Claude Guéant c’est un peu comme ces lévriers légèrement voûtés, sagement rangés aux pieds ou derrière leur maître. Leur façon de se mouvoir et de s’inscrire dans le cadre fait oublier qu’ils peuvent aboyer. Et aboyer longuement. “Les Français, à force d’immigration incontrôlée, ont parfois le sentiment de ne plus être chez eux, ou bien ils ont le sentiment de voir des pratiques qui s’imposent à eux et qui ne correspondent pas aux règles de notre vie sociale” a déclaré jeudi 17 mars au micro d’Europe 1 Claude Guéant.
Une phrase qui doit être rapprochée de l’entretien accordé au quotidien Le Monde du 16 mars : “Le FN ne nous sert pas de boussole. Un gouvernement doit travailler en fonction de ce qu’il estime être nécessaire et il doit être à l’écoute de la population. Les Français ont le sentiment que les flux non-maîtrisés changent leur environnement. Ils ne sont pas xénophobes. Cela étant, ils veulent que la France reste la France. Ils veulent que leur mode de vie soit respecté, que la laïcité demeure à la base de notre pacte républicain. Ils veulent que l’intégration, pour les nouveaux venus, ou l’assimilation, pour les plus anciens, se fasse réellement, ils ne veulent pas de communautarisme. Les Français veulent que les nouveaux arrivés adoptent le mode de vie qui est le leur “.

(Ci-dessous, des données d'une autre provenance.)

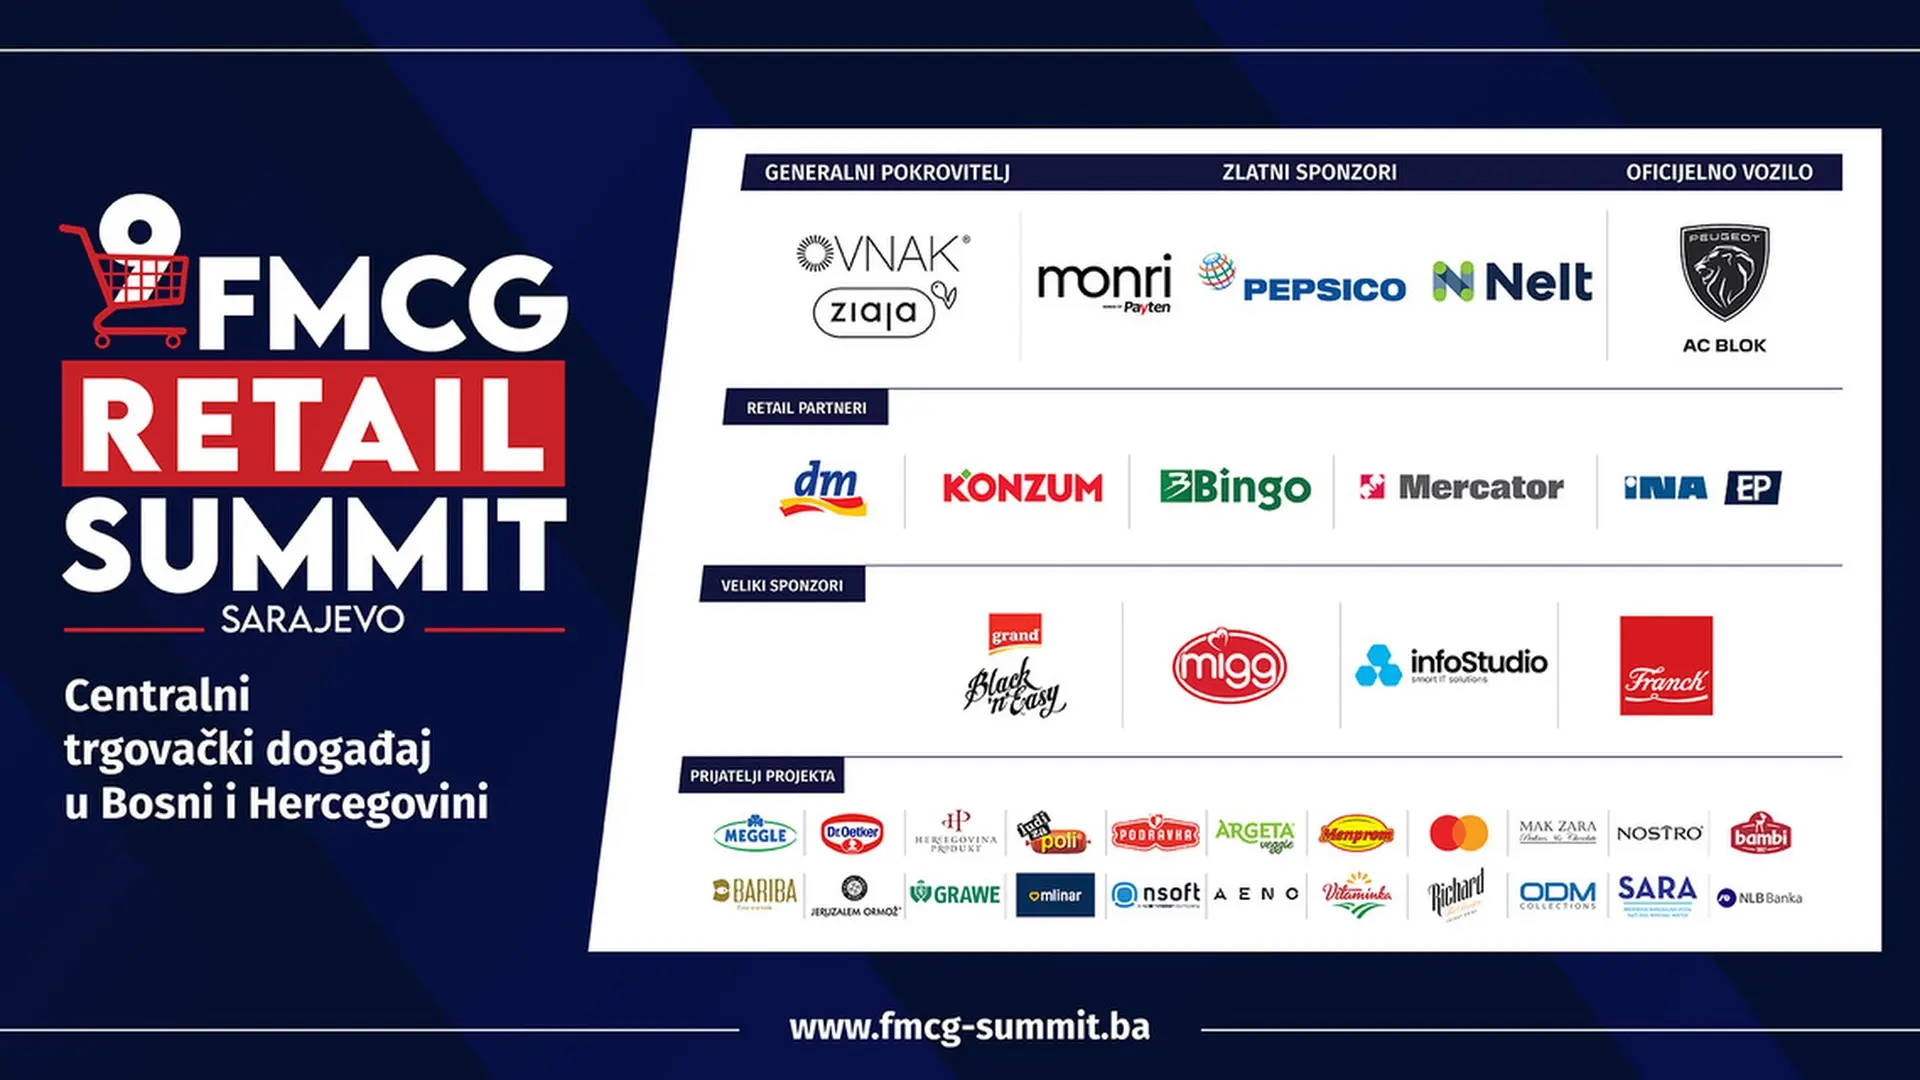 etail summit -  fmcg retail summit-640f2ca9b8f55.webp

Si les propos mettent la gauche en émoi , l’UMP, traumatisée par les intentions de vote prêtées au Front National fait bloc autour de Claude Guéant. François Fillon qui décidément aura couvert tous les dérapages de ses ministres fait le sourd. Signe qu’il s’agit bien d’une stratégie partagée, le Premier ministre a affirmé sur France 2 jeudi soir “ne pas s’attacher aux tournures de phrases” mais uniquement à la politique menée par le gouvernement. François Baroin, porte-parole du gouvernement estime de son côté “qu’il n’y a pas de procès en sorcellerie à faire” à Claude Guéant.
La réplique la plus intelligente est assurément venue d’Harlem Désir , numéro 2 du PS, pour qui, “C’est quand l’État n’est plus dirigé par des républicains que “les Français ne se sentent plus chez eux“.
Pertinente également l’analyse du député villepiniste Jean-Pierre Grand : “J’observe une montée du Front National, à partir de slogans, et quand j’entends le ministre de l’Intérieur, dire qu’on ne se sent pas chez soit en France, c’est gravissime. C’est un discours qui est à peu près celui que tiennent les candidats du Front National aux élections cantonales partout en France. Je ne pense pas que le ministre de l’Intérieur ait vocation à faire campagne pour le Front National. Quand on tient de tels discours, on crédibilise le Front National, et les électeurs ne s’y trompent pas, ils vont voter pour l’original. Ils ne vont pas voter pour la copie. C’est idéologiquement insupportable, et politiquement suicidaire“.
Claude Guéant ministre, ce n’est pas la victoire de la méritocratie comme on peut le lire ici ou là dans des portraits hagiographiques. C’est au contraire le symbole du renoncement du pouvoir politique face à une haute administration et la rupture de l’apparence avec le passage à la lumière des hommes de l’ombre. “En réalité, il était le vrai ministre de l’Intérieur depuis au moins quinze ans“, concède Jean-Louis Debré.
Quinze années de responsabilités donc pour des résultats qu’il dénonce aujourd’hui …
L’emprise de Claude Guéant sur Nicolas Sarkozy est inquiétante. Tous les observateurs s’accordent à reconnaître que rarement secrétaire général n’avait accumulé autant de pouvoir à l’Elysée. Tout transitait par lui. Aujourd’hui encore, Les Echos rapporte que pas une journée ne passe sans que Nicolas Sarkozy ne l’appelle.
En plaçant son cardinal place Beauvau, Nicolas Sarkozy offre certes son bâton de maréchal à un collaborateur fidèle mais il verrouille surtout un ministère stratégique pour les présidentielles. Une place forte à partir de laquelle l’Elysée entend bien reconquérir les électeurs tentés par le FN.
Les propos de Claude Guéant ne doivent rien au hasard. Pas plus que le soutien sans faille qu’il trouve dans la majorité. Ils confirment que loin de se recentrer, Nicolas Sarkozy sur la fin du mandat va accentuer sa dérive droitière afin de braconner dans les eaux frontistes.